Local voters say to Hispanics: 'We don't want you here'
Earlier this month, an overwhelming majority of citizens in Barry County and Lawrence County cast their votes for Donald J. Trump.
As a Christian and a long-time resident of rural Missouri, I find this fact profoundly distressing. I have experienced first-hand the kind and welcoming spirit of rural Missourians, but now we have reinforced the stereotyped image of ourselves as ignorant and hateful racists.

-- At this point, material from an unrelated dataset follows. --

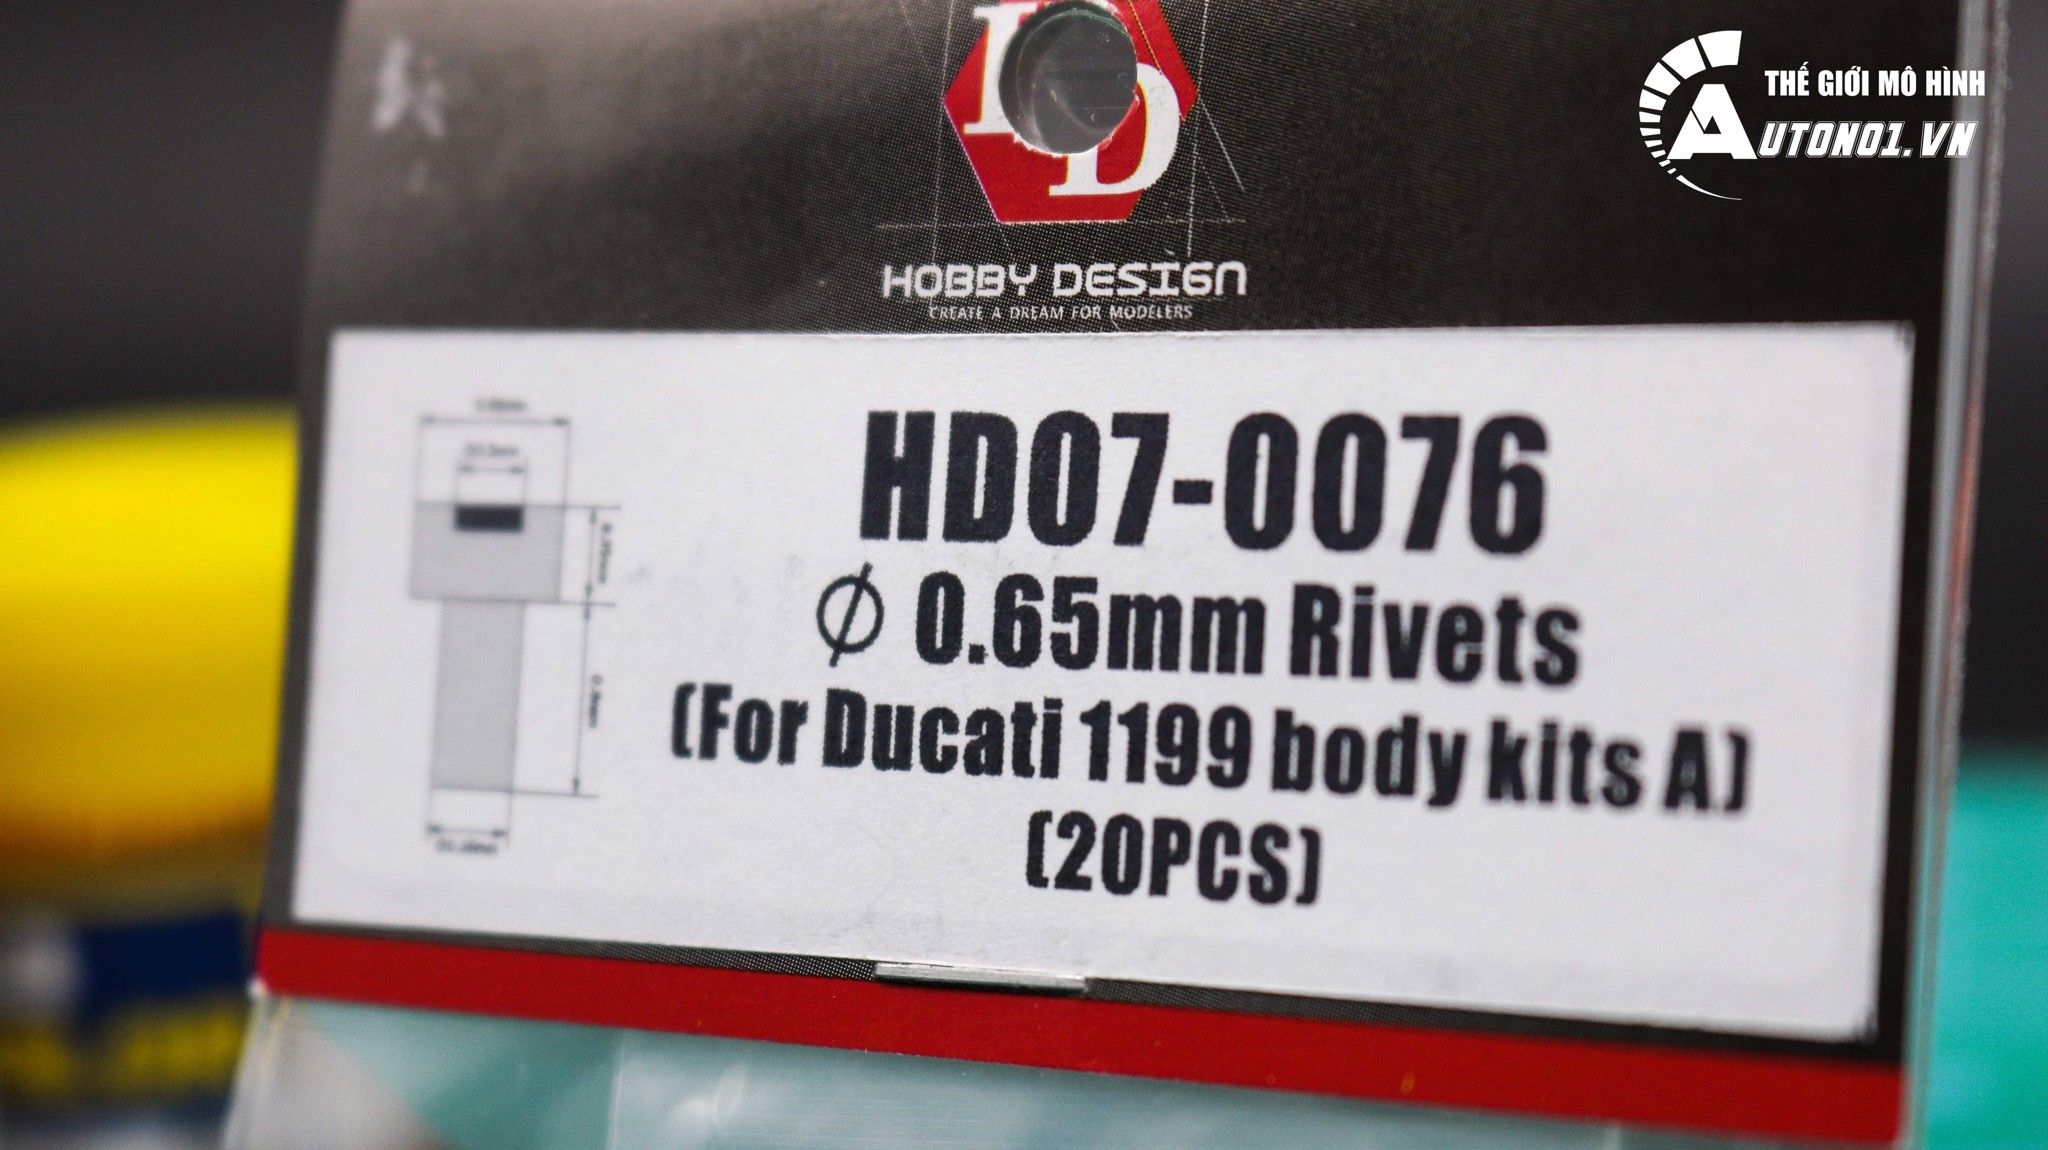  Phụ kiện ốc kim loại cho dàn áo Ducati 1199 0.65mm hd07-0076 Top Studio 7299

Donald Trump began his campaign by calling Mexicans "rapists." He advocates the construction of a wall along our southern border and the forced deportation of millions of our immigrant neighbors. In a community where roughly a quarter of our population claims Hispanic heritage, white Trump voters have sent a clear message to their neighbors -- we do not like you, and we do not want you here.
Meanwhile, our comfortable white churches have, at best, remained silent about the sinful bigotry of Trump's most vocal supporters and, at worst, even defended the president-elect as champion of the pro-life cause or family values -- which begs the question: whose lives exactly are we for? Whose families do we value?
The Jesus I learned about in my rural Baptist Sunday School blessed the poor, welcomed foreigners and outsiders, respected women, and spent most of his time with "sinners" of our sort or another.
If we white Christians want to prove we're not the hateful people the other half of the country believes us to be, I suggest we begin following that example.